The security changes are well done:

• V4A Move guard (file_tools.py) — regex now captures *** Move File: src -> dst with both paths in separate groups, filters empties, and loops all paths through has_traversal_component. Correct and complete.
• ACP resource reads (acp_adapter/server.py) — routes reads through get_read_block_error() (verified the helper exists in agent/file_safety.py), with graceful OSError handling and a sensible Windows path fix. Blocks .env/SSH keys/creds as claimed.
• API SSRF + auth (api_server.py) — is_safe_url() guard on image URLs (helper confirmed in tools/url_safety.py), /health/detailed now gated behind _check_auth, and the role-alternation guard rejecting a non-user final message is a genuinely good catch (prevents client-supplied assistant text becoming fresh instructions).
• Discord allowed_mentions — added to all three REST send paths via _build_allowed_mentions_payload(), denying @everyone/@roles by default.
• Webhook idempotency scoped to route:delivery_id:body_sha256 — sound.

The one blocker — an unrelated change that needs to come out:

pyproject.toml flips the global pytest config:

-addopts = "-m 'not integration' --timeout=30 --timeout-method=signal"
+addopts = "-m 'not integration' --timeout=60 --timeout-method=thread"

This isn't security hardening — it's a repo-wide test-infra change (doubles the per-test timeout and switches signal→thread) buried in a security PR, and it also deletes the explanatory comment block documenting why signal is used inside the per-file subprocess runner (scripts/run_tests_parallel.py).

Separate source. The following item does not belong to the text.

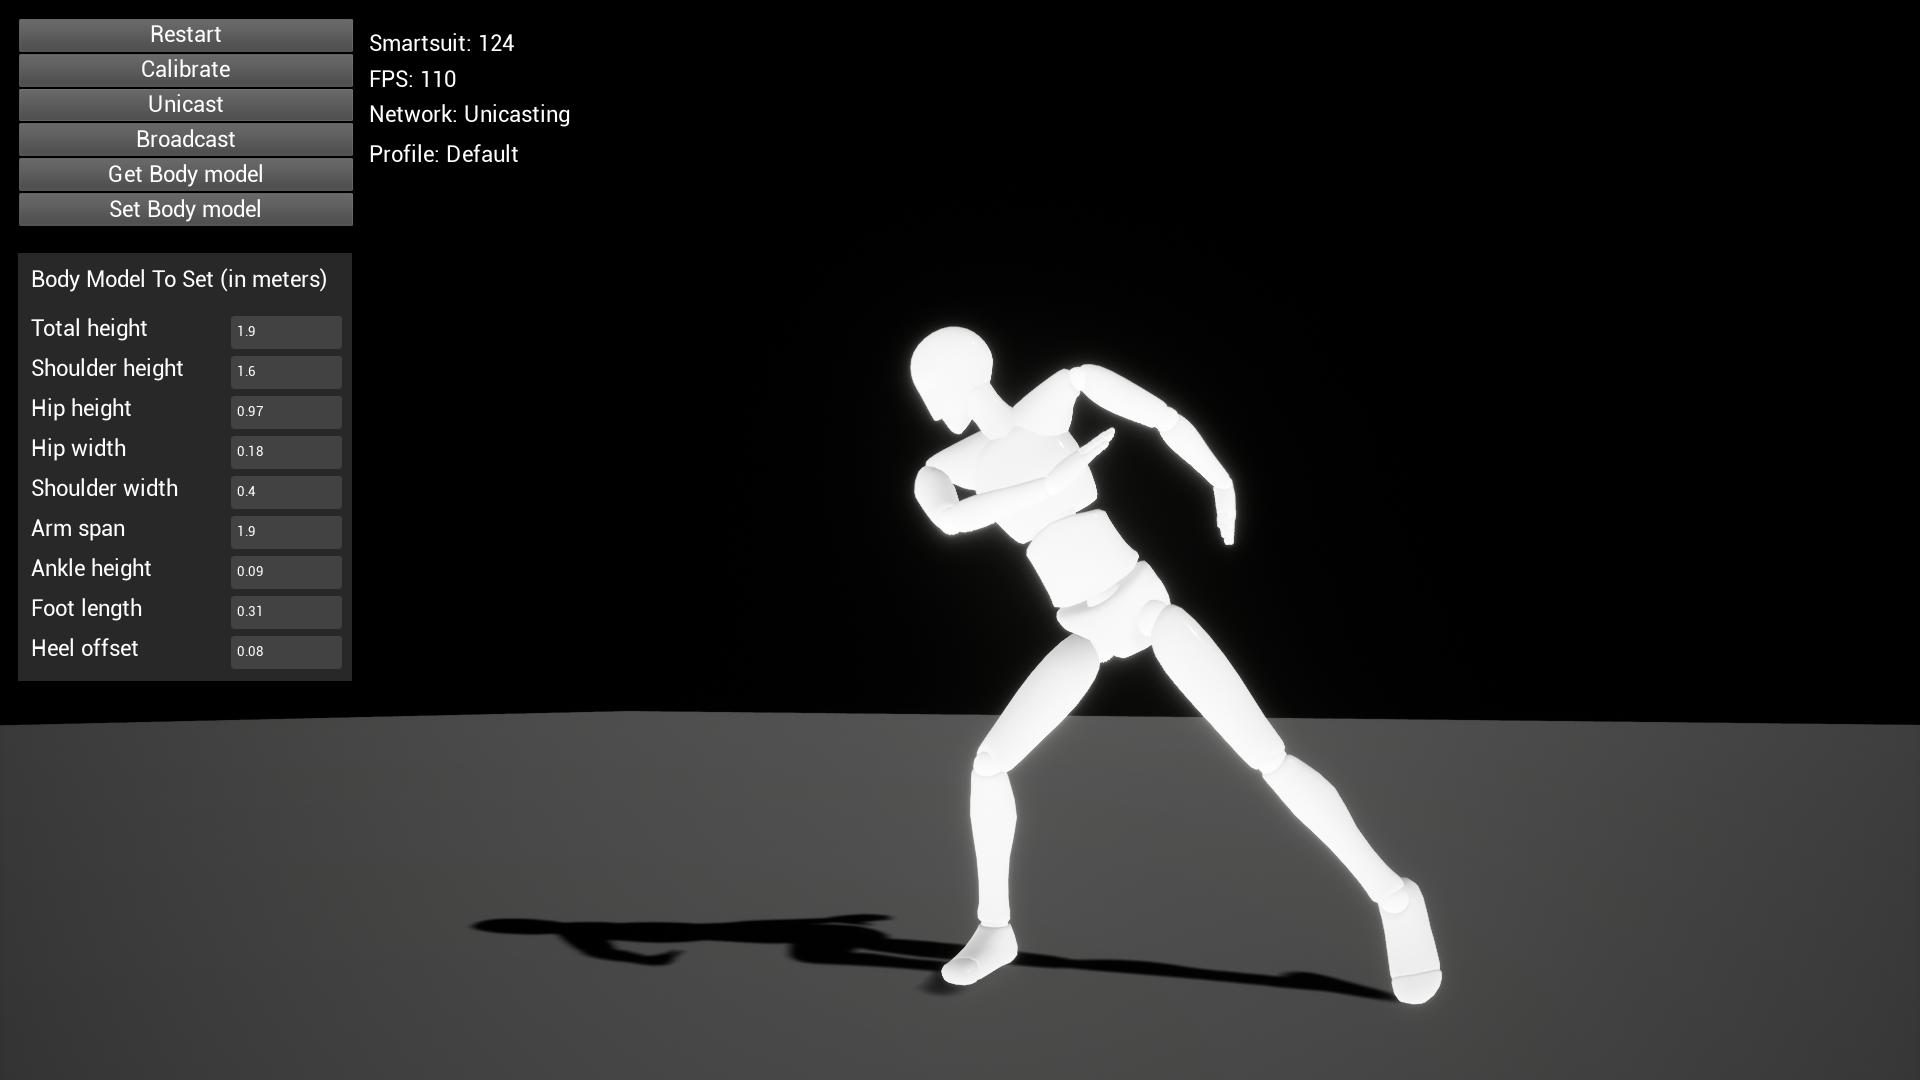 Smartsuit plugin by rokoko electronics aps in code plugins ue4 share malvernweather Gallery

The PR description doesn't mention it at all.

Please revert the pyproject.toml hunk so this PR is purely the security hardening. If the timeout/method change is intentional and needed, it deserves its own PR with rationale (why thread over signal, why 60s) so it can be evaluated on its own merits.

Drop that one hunk and I'm happy to approve — the actual hardening is clean, well-scoped per file, and properly tested.

[cruzlxyz]

Thanks for the review! I reverted the pyproject.toml timeout/method change so this PR stays focused on the security hardening only.

I also fixed the .env resource-link test to use an actual secret value (super-secret) so the suppression assertion is meaningful.

Targeted tests passed locally:

5 passed, 3 warnings in 1.40s

I'll keep any pytest timeout/method discussion for a separate PR if needed.

[cruzlxyz]

Follow-up verification:

• pyproject.toml is back to the original pytest config.
• The ACP .env resource-link test uses a real super-secret value.
• Targeted tests passed locally:

5 passed, 3 warnings in 2.64s

Ready for re-review, thanks!

[egilewski]

Needs rework.

I stopped at the early gates for the current branch state. Current GitHub main is d1383a6b1450c6c139720b1b01f8b99cc130453f, PR base is b5a457c033035e8dcd203745e68be16b50c2390e, and PR head is d17e155741301c9844ab0bfcac5d29f831ea756a.

Validation:

• git rev-list --left-right --count upstream/main...refs/remotes/upstream/pr/41754 returned 202 175.
• git merge-tree --write-tree upstream/main refs/remotes/upstream/pr/41754 exited non-zero and reported conflicts across many unrelated areas, including desktop files, gateway platform files, hermes_cli/*, plugin files, tests, tools/approval.py, tui_gateway/server.py, and docs.
• git diff --check upstream/main...refs/remotes/upstream/pr/41754 fails with tests/hermes_cli/test_gui_uninstall.py:348: new blank line at EOF.
• git diff --stat upstream/main...refs/remotes/upstream/pr/41754 now spans 439 files with about 28k insertions, including desktop UI/i18n, plugins, docs, CLI, gateway, and many unrelated test files outside the advertised V4A/ACP/API/webhook/Discord hardening scope.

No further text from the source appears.